The liberal justices peppered lawyer Michael Carvin almost from the outset of his argument to limit the subsidies.

Justice Ruth Bader Ginsburg said the law set up flexibility for states to either set up their own markets or rely on the federal healthcare.gov. Giving subsidies only to people in some states would be "disastrous," Ginsburg said.

When Solicitor General Donald Verrilli Jr. stepped to the lectern, the liberal justices fell silent, and Justices Samuel Alito and Antonin Scalia took over.

"It may not be the statute Congress intended, but it may be the statute Congress wrote," Scalia said of the provision in question. The case focuses on four words in the law, "established by the state." The challengers say those words are clear and conclusive evidence that Congress wanted to limit subsidies to those consumers who get their insurance through a marketplace, or exchange, that was established by a state.

Verrilli argued that the law can only be read more broadly and noted that millions of people would lose health insurance if the court rules against the administration.

Alito wondered if the justices could delay the effect of such a ruling to allow states and perhaps the federal government to act. Scalia said he believes Congress would act.

"This Congress, your honor?" Verrilli said to widespread laughter in a packed courtroom that included leading congressional Democrats and Republicans.

Kennedy voted to strike down the health law in 2012, but on Wednesday he asked questions of both sides that made it hard to tell where he might come out this time.

He suggested that challenger Carvin's argument raised a "serious" constitutional problem affecting the relationship between states and the federal government.

On the other hand, he seemed less than convinced by Verrilli's reading of the law to allow the subsidies nationwide.

Millions of people could be affected by the court's decision. The justices are trying to determine whether the law makes people in all 50 states eligible for federal tax subsidies to cut the cost of insurance premiums. Or, does it limit tax credits to people who live in states that created their own health insurance marketplaces? More than 150,000 people in Indiana could be affected by the decision.

A ruling that limits where subsidies are available would have dramatic consequences because roughly three dozen states opted against their own marketplace, or exchange, and instead rely on the U.S. Health and Human Services Department's healthcare.gov. Independent studies estimate that 8 million people could lose insurance coverage.

Activists on both sides were in place outside the marble courthouse by 5:30 a.m. Wednesday. Some held placards showing how many people in each state would lose insurance if the court ruled that the law does not allow subsidies everywhere.

Opponents of the Affordable Care Act failed to kill the law in an epic, election-year Supreme Court case in 2012. Chief Justice Roberts joined with the court's liberal justices and provided the crucial vote to uphold the law in the midst of Obama's re-election campaign.

The new case, part of a long-running political and legal fight to get rid of the law also known as Obamacare, focuses on the four words "established by the state" in a law that runs more than 900 pages.

The administration counters that the law was written to dramatically reduce the ranks of uninsured, and that it would make no sense to condition subsidies on where people live.
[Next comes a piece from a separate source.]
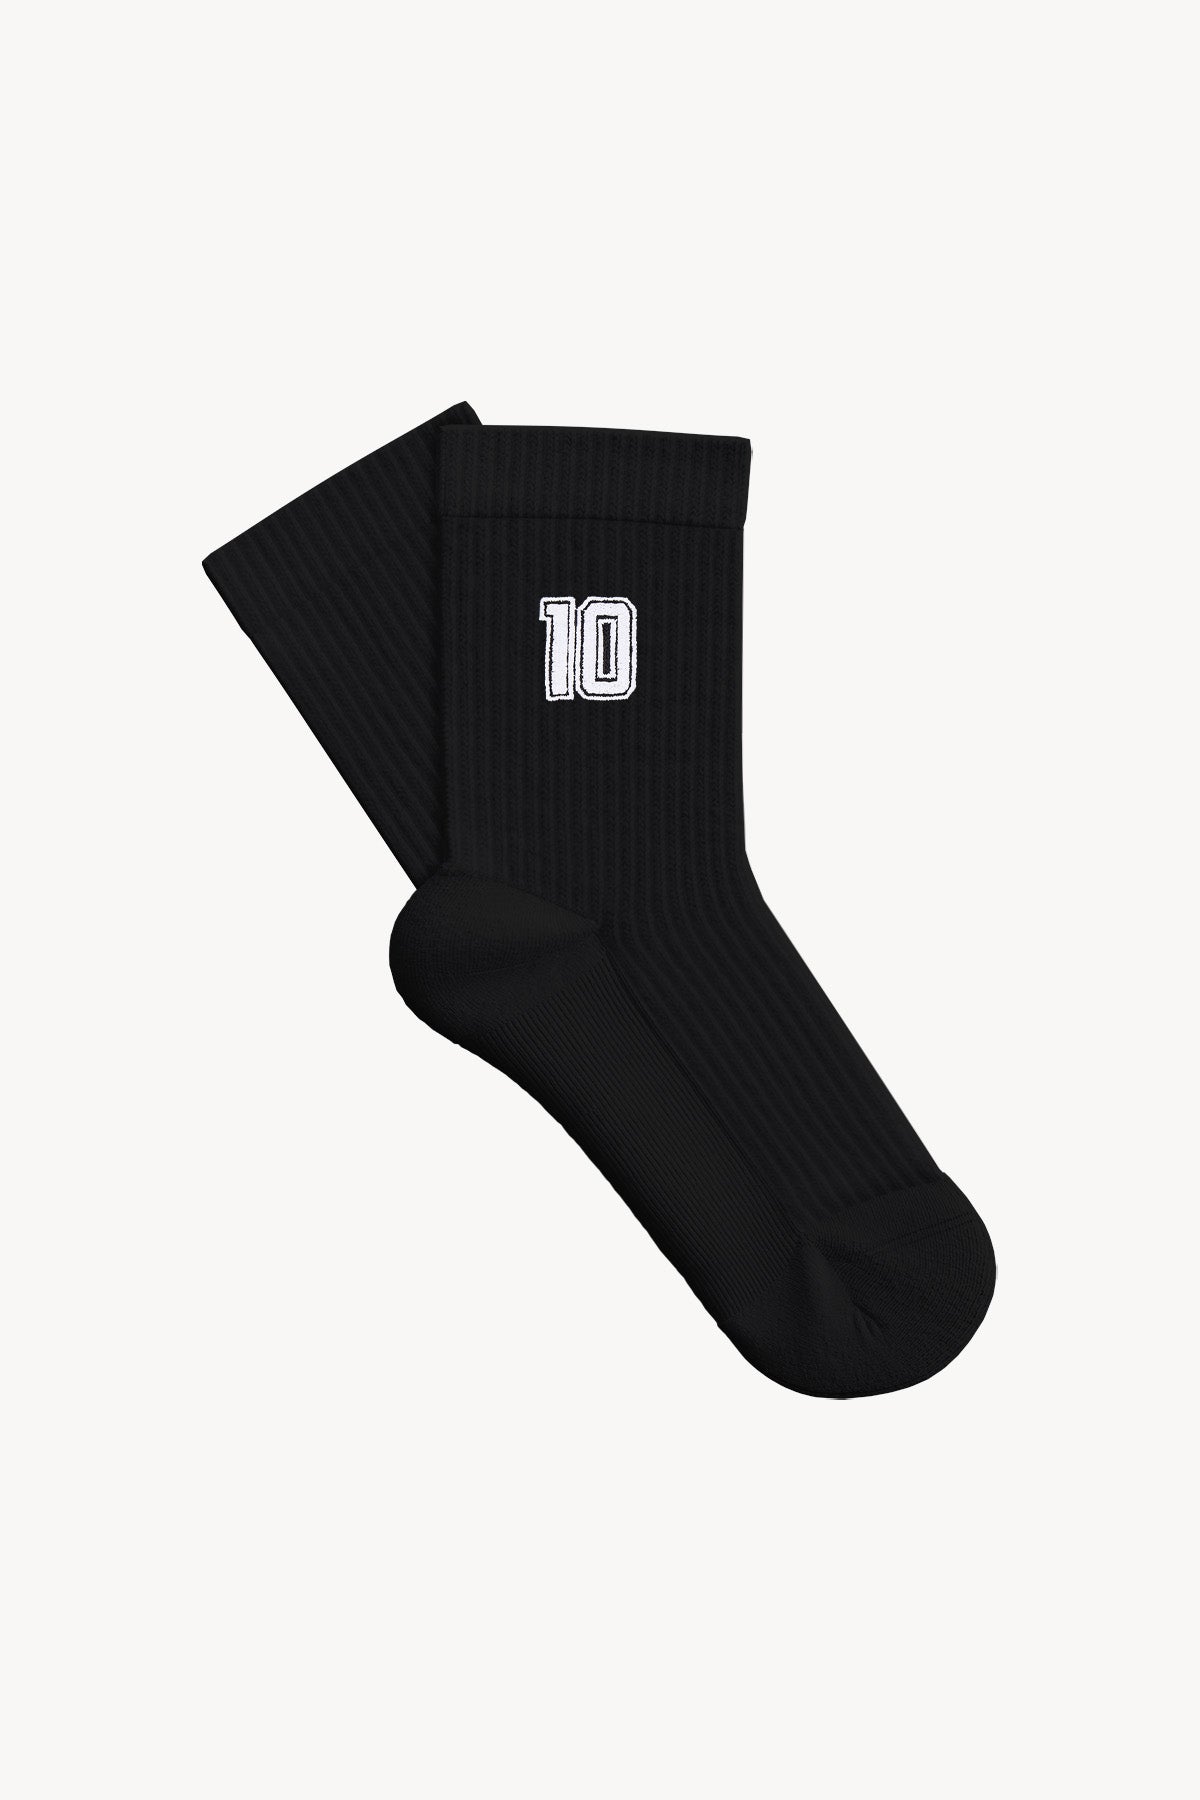 Number 10 Havlu Çorap - Siyah

The phrase "established by the state," is what the administration calls a "term of art" that takes in both state- and federally run exchanges. The administration also says the term cannot be read in isolation, and that other parts of the law show that subsidies should be widely available.

Each side in the case argues that the law unambiguously supports only its position. One other option for the court is to declare the law is ambiguous when it comes to subsidies and defer to the Internal Revenue Service's regulations making tax credits available nationwide.

Partisan and ideological divisions remain stark for a law that passed Congress in 2010 with no Republican votes. Of the judges who have ruled on lawsuits over the subsidies, Democratic appointees have sided with the administration and Republican appointees have been with the challengers.

A decision is expected by late June.